«Когда меня били в тюрьме, было не так тяжело, как в чемпионском бою». Отсидеть 10 лет и взять титул в 40
Боец ММА Марат Балаев оказался за решеткой в 27 лет, в 37 вышел, — и трех лет на свободе ему хватило, чтобы пройти без поражений через семь боев и выиграть титул организации АСВ в весе до 66 кг. История, похожей на которую нет в смешанных единоборствах, — в интервью Марата Балаева корреспондентам «Матч ТВ» Александру Лютикову и Вадиму Тихомирову.
— Расскажите про детство.
— Мы осетины, но и я, и мои братья родились в Туркмении, в поселке Карамет-Нияз (сейчас Гараметнияз — «Матч ТВ»). Там много было приезжих: русских, дагестанцев, осетинов. Папа переехал на заработки, платили хорошо, климат отличный. Было солнечное счастливое детство. Мама работала воспитательницей. Отец — в Каракумстрое, углублял каракумский канал. Два моих брата там живут до сих пор, это им я кричал после боя: «Привет в Азию!» В Туркмении я не был лет 16–17, наверное, и братьев с тех пор не видел. По телефону общаемся. Я благодаря брату Сане и в спорт попал: сначала вслед за ним на дзюдо пошел, через полгода записался в секцию вольной борьбы.
— А почему уехали?
— Развалился Союз — и начало валиться все. Раньше было как: находили талантливых спортсменов со всех регионов, развивали их, возили на союзные соревнования. После спортивного училища можно было без экзаменов поступить на второй курс института. Я так и планировал. Но Союза не стало — и к русским и кавказцам начали хуже относиться. Впоследствии дошло до того, что выпустили какой-то интересный закон о недвижимости, по которому у нас отжали пятикомнатную квартиру. Но я это почувствовал на себе еще раньше — в 1992-м, когда меня срезали с института.
— Как?
— Директор института лично говорил: «Займешь на Союзе хотя бы третье место, я тебе гарантирую, что ты попадешь к нам». А я тот чемпионат выиграл. Но тот директор умер, вместо него пришел местный и начал откровенно притеснять. Кавказцам вообще сказал: «Вы уезжайте отсюда или я вас с позором выгоню». В институт не взяли. Если в армию не пойдешь — расстрел, у них так по закону. В армии спортроты не было, то есть два года предлагалось провести в сапогах. А я все детство пропахал на тренировках, об Олимпиаде мечтал, в 16–17 лет вообще не проиграл ни одной схватки, уже был мастером спорта, выиграл союзные соревнования по юношам.

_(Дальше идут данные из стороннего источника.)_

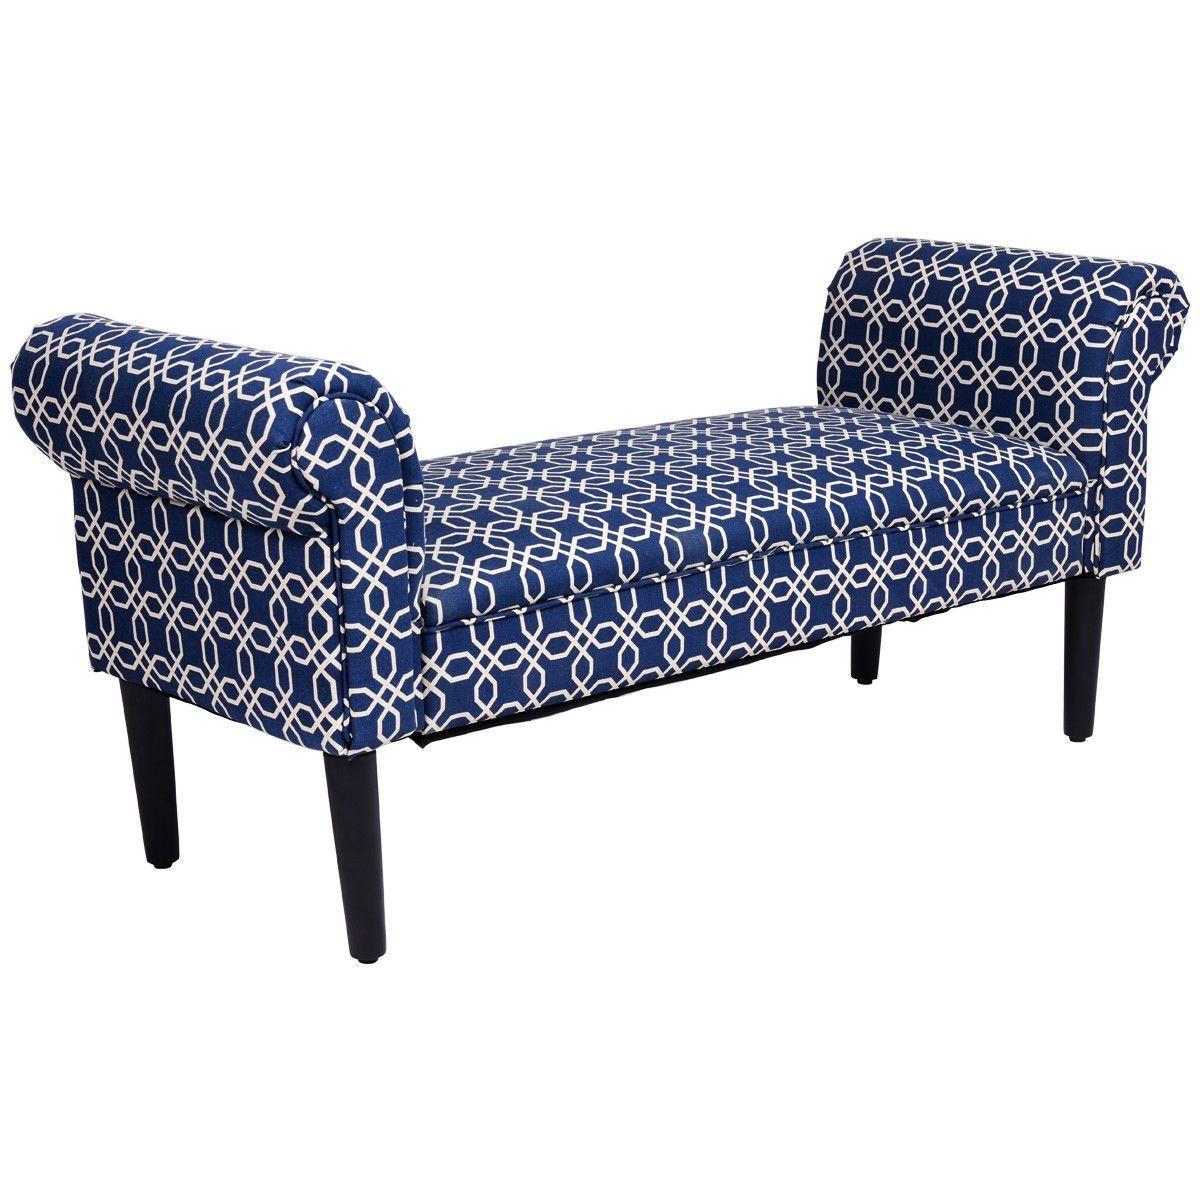 53 5 Modern Padded Bedroom Sofa Bench In 2019 Instagram Posts

— Из тех, кого вы побеждали, кто многого добился в борьбе?
— Из того, что сразу вспомню: на соревнованиях победил Геннадия Лалиева, который потом боролся в финале Олимпиады и проиграл Бувайсару Сайтиеву (2004 год, Афины, весовая категория до 74 кг — «Матч ТВ»). На соревнованиях я у него выиграл 7:1, кажется. Он, конечно, может расстроиться, если прочитает, но это правда: он у меня ни разу не выигрывал. В 1992 году я выиграл соревнования по СНГ, но на мир не поехал, потому что поездку никто не мог профинасировать. Когда пошла вся эта история с армией, уехал в Ташкент — стал тренироваться там. А потом родственники стали уговаривали переехать в Осетию — и в 1994-м уговорили. В те годы я остался без родителей. Сначала погибла мама, потом умер отец.
— Что произошло?
— Я был в Узбекистане на сборах в горах. Мне сказали: «Зайди к тренеру». Там телеграмма. Маму похоронили без меня. Было как — она шла с коляской с сыном моего старшего брата. Из-за поворота выехала грузовая машина «Урал» — мама успела мальчика откинуть, чтобы его не задавило, а сама попала под колеса. Папа без нее не смог. Его меньше чем через год не стало.
— Они в Туркмении похоронены?
— Да. Это, кстати, важный момент для меня. По нашим традициям нужно всех своих перевозить на родную землю. И я для этого тоже тружусь и пашу. Это обязательно нужно сделать.
***
— После переезда в Осетию у вас закончились успехи в борьбе.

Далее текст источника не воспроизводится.